Мелодия не состоит из тонов, стихотворение не состоит из слов, скульптура не состоит из линий; для того чтобы превратить единство каждого из этих предметов во множественность, придется растащить их и разорвать на части; так же обстоит дело и с человеком, которому я говорю Ты. Я могу отнять у него оттенок его волос, оттенок его речи, оттенок его доброты; мне придется делать это снова и снова, но от этого он перестанет быть Ты.
Не молитва совершается во времени, а время в молитве, не жертва совершается в пространстве, а пространство в жертве, и тот, кто опрокидывает это отношение, уничтожает действительность; так и человека, которому я говорю Ты, не обнаруживаю я в каком-либо Когда и Где. Я могу переместить его туда, и мне придется делать это снова и снова, но только в образе Он, или Она, или Оно, но это уже не будет мое Ты.

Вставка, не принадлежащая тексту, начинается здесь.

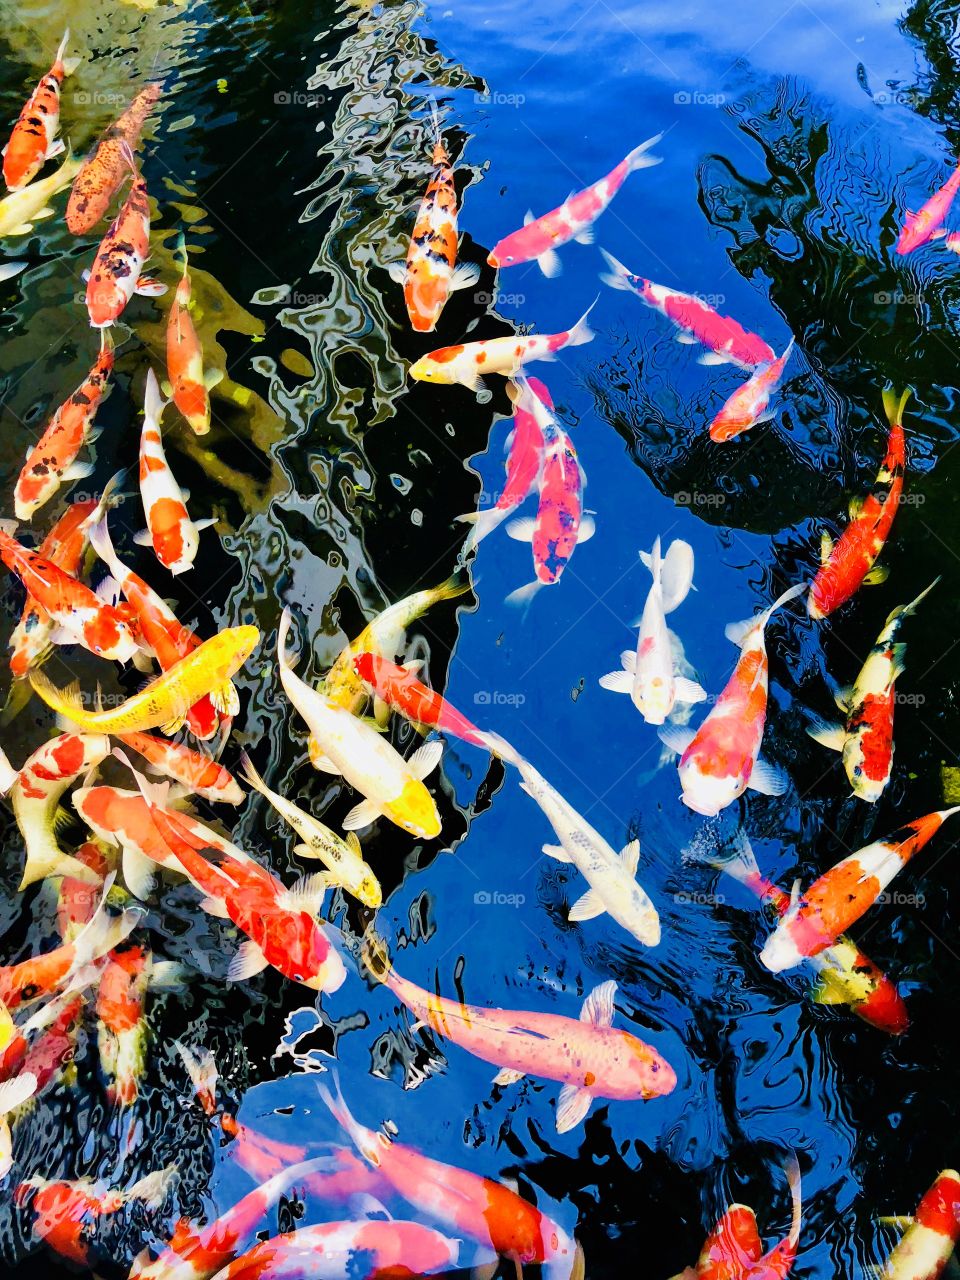 Not a painting. It’s a real pond with koi fish in it!

Пока надо мной простирается небо Ты, ветры причинности стихают у моих ступней и истощаются водовороты судьбы.
Я не познаю в опыте человека, которому говорю Ты. Однако я состою с ним в отношении внутри священного основного слова. Только выходя из него, я снова могу познавать его в опыте. Приобретение опыта возможно лишь на удалении от Ты.
Отношение может сохраняться, даже если человек, которому я говорю Ты, не воспринимает его, погруженный в свой опыт. Ибо Ты есть нечто большее, чем осведомленность Оно. Ты делает нечто большее, чем знает Оно. Сюда не проникает обман: здесь колыбель настоящей жизни.

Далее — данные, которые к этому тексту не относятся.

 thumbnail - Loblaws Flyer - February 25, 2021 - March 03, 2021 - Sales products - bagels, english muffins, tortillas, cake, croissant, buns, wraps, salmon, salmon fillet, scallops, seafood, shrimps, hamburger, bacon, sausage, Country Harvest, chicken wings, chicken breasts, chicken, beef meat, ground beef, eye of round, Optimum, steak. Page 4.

Это вечный источник искусства – когда перед человеком предстает образ, желающий через этого человека стать произведением. Оно не есть порождение души – оно проявление представшего образа, и это проявление требует от человека действительного мастерства. Это зависит от деяния человека: исполнит ли он это деяние, обратит ли от всего своего существа основное слово к проступающему образу, – и если он это сделает, то польется из источника творящая сила, возникнет произведение.

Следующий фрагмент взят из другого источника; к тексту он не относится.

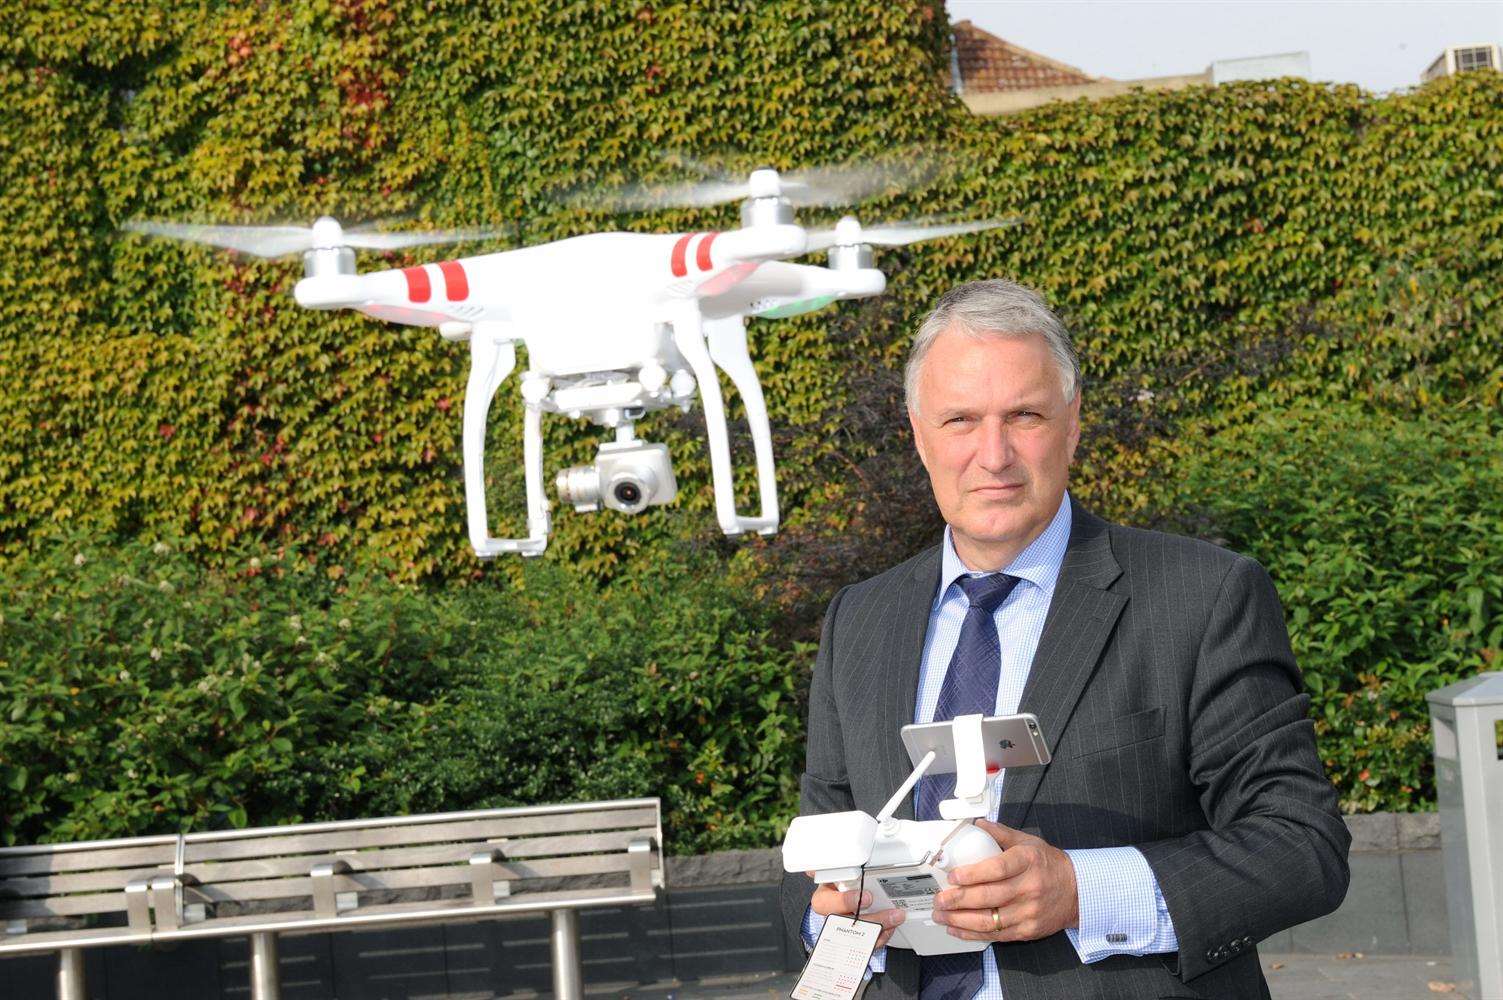 Nigel Miller says the drone is easy to control. Picture: Simon Hildrew

Деяние предполагает жертву и риск. Жертва: безграничная возможность, принесенная на алтарь образа; все, что до этого играючи пересекало перспективу, должно быть отброшено, ибо ничто постороннее не смеет проникать в произведение. Риск: основное слово может быть произнесено только и исключительно целостным существом; тот, кто отдает себя, не смеет ничего удерживать для себя; произведение не потерпит, чтобы я – в отличие от дерева и человека – предался успокоению и безмятежности мира Оно: если я не буду ревностно ему служить, оно разрушится или разрушит меня.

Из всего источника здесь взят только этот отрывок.